The evolution of viral capsid protein VP1 was regarded as being of great significance for NoV prevalence, which was mainly due to its distribution of receptor-binding sites and antigenic epitopes [5, 30]. Therefore, all VP1 sequences of GII.4-2012 variant were collected which were mainly detected in Australia, New Zealand, Japan, the Chinese mainland, the Hong Kong region, the Taiwan region, France, Italy, Canada, and Bangladesh. However, the results of homology analyses of GZ2013-L10 did not show a regional correlation that it was closely related to the strains detected in Australia and New Zealand rather than those in the Chinese mainland.
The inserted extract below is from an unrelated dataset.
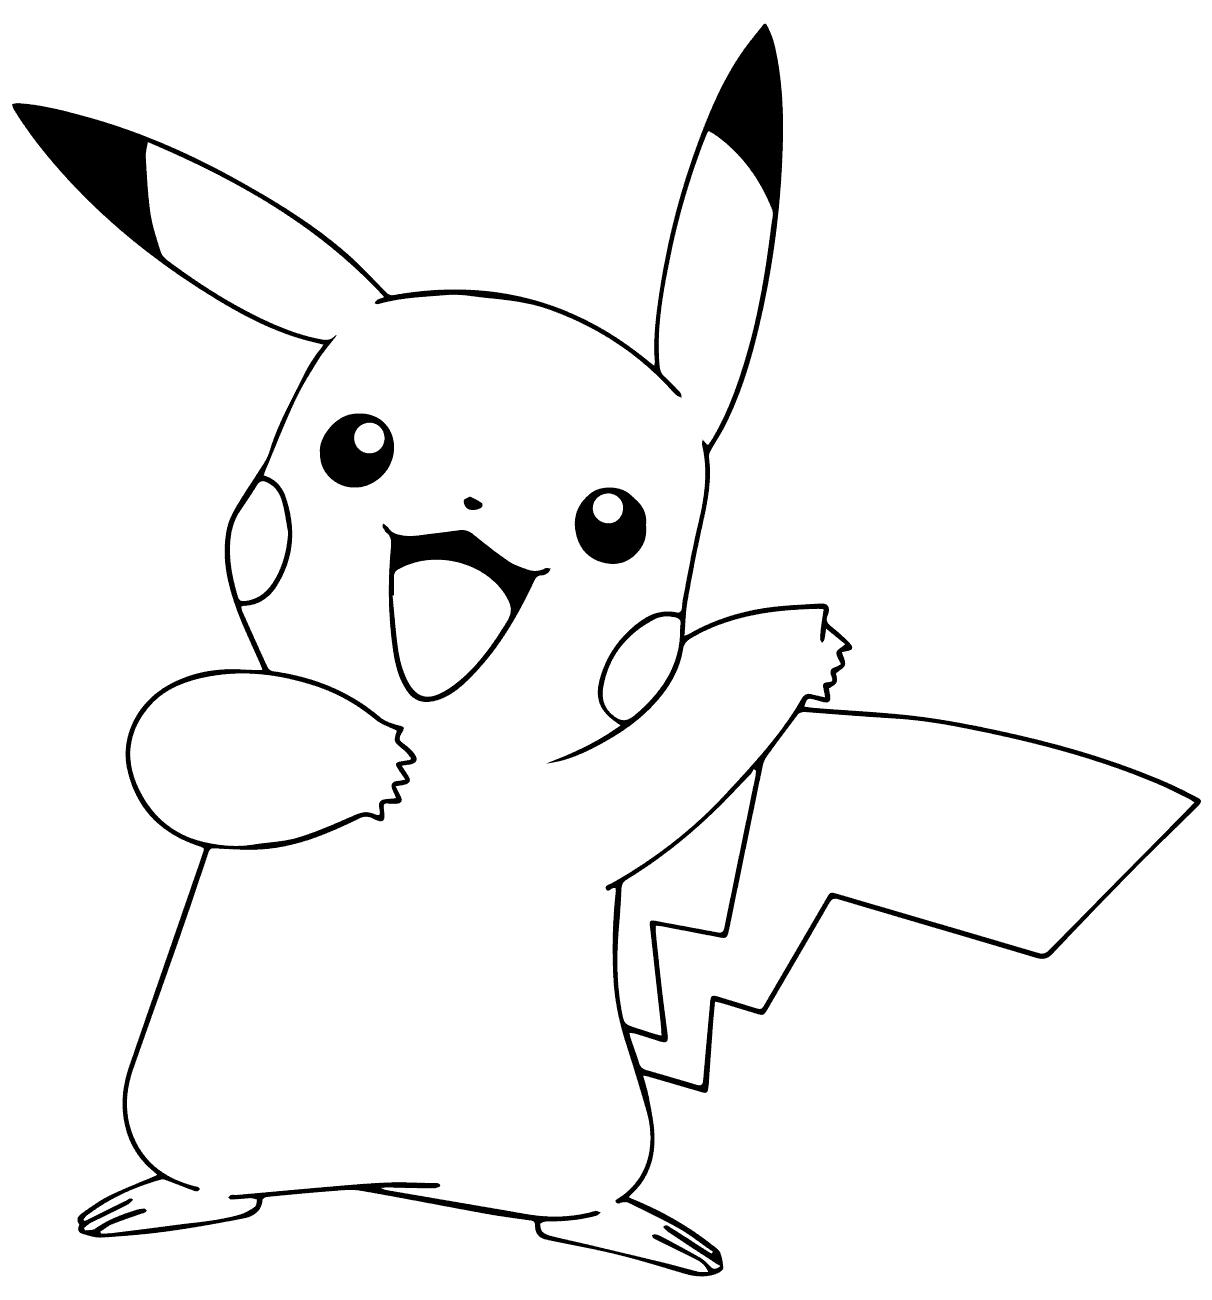 Tranh tô màu hình pikachu
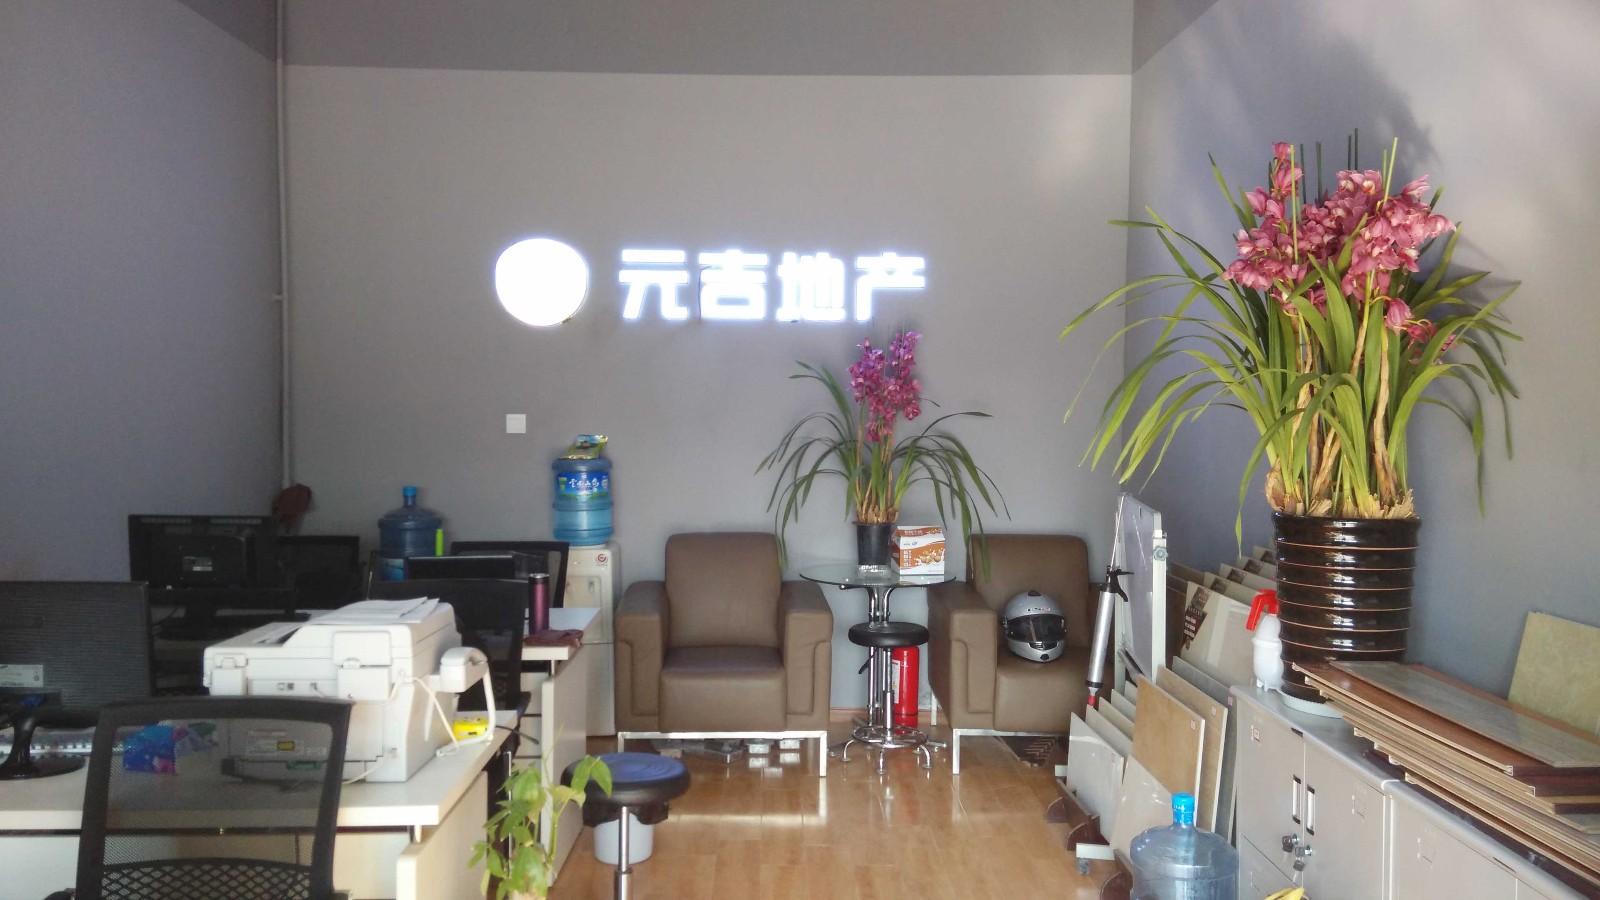 吉房地产经纪有限公司主要经营写字楼租赁和装饰装修

It might be due to the rapid spreading of NoVs, and some studies reported that it could spread all over the world in 3 months [31]. So it pointed out the necessity of establishments of global NoV surveillance networks as an approach to guide preventive measures against new GII.4 variant emerged.

Based on the crystal structure, viral capsid protein VP1 could be divided into different subregions, of which the outermost P2 was the hypervariable portion. When comparative analyses were performed with the GII.4-2012 variant, more than half (19/35) of the variable sites were found to be located in the P2 subregion and therefore half of the ten variable sites with high variability. Moreover, herd immunity and host receptor recognition were regarded as the major factors driving the emergence of novel GII.4 variants, which was also mainly embodied in the P2 subregion [5, 30]. Some studies indicated that the GII.4 NoV was continuously evolving through the alteration of the surface-exposed receptor-binding domain of the VP1 protein, but there were no variations described in GII.4-2012 variant belonging to receptor-binding site 1 (S343, T344, R345, A346, K348, N373 D374, D391, G442, and Y443) which always kept conserved except A346G occurred after 2002 [32]. N373H was a novel variant which located in the receptor-binding site, and 16 GII.4-2012 strains used Arg to replace the original Asn. Therefore, the effect of this substitution should be further verified.

Besides, five blockage epitopes (A–E) on the P2 subregion had already been well identified, and the mutations on the epitopes A (294, 296, 297, 298, 368, and 372), B (340 and 376), and E (407, 412, and 413) caused the emergence of a new GII.4 pandemic strain in response to herd immunity via positive selection [5]. Previous studies conducted by Lindesmith L. C. et al. confirmed that the variation on the epitopes A and E caused the different immunogenicity between GII.4-2002, GII.4-2006b, GII.4-2009, and the recent GII.4-2012 [3335]. The effect of the distinguished usages of amino acid on epitopes A and E was evaluated by homology modeling. The variation caused significant changes of solvent-accessible surface areas, but did not decrease the antigenicity score. Further studies are also needed to elucidate the variations in ORF2, which can help in designing NoV vaccines.

In recent years, continuous widespread epidemic of GII.4 NoVs created an enormous social and economic burden on communities and health systems. With the development of in vitro viral reproduction system, comprehensive understanding of the virus on the basis of its whole genome became necessary to improve the accuracy of genetic classification and develop new prevention and control measures. In this study, a novel NoV GII.4-2012 strain GZ2013-L10 was confirmed based on its genome, and variations on the receptor-binding sites and blockage epitopes were also identified. The results of this study could be utilized for future genetic and evolutionary studies on NoV diversity.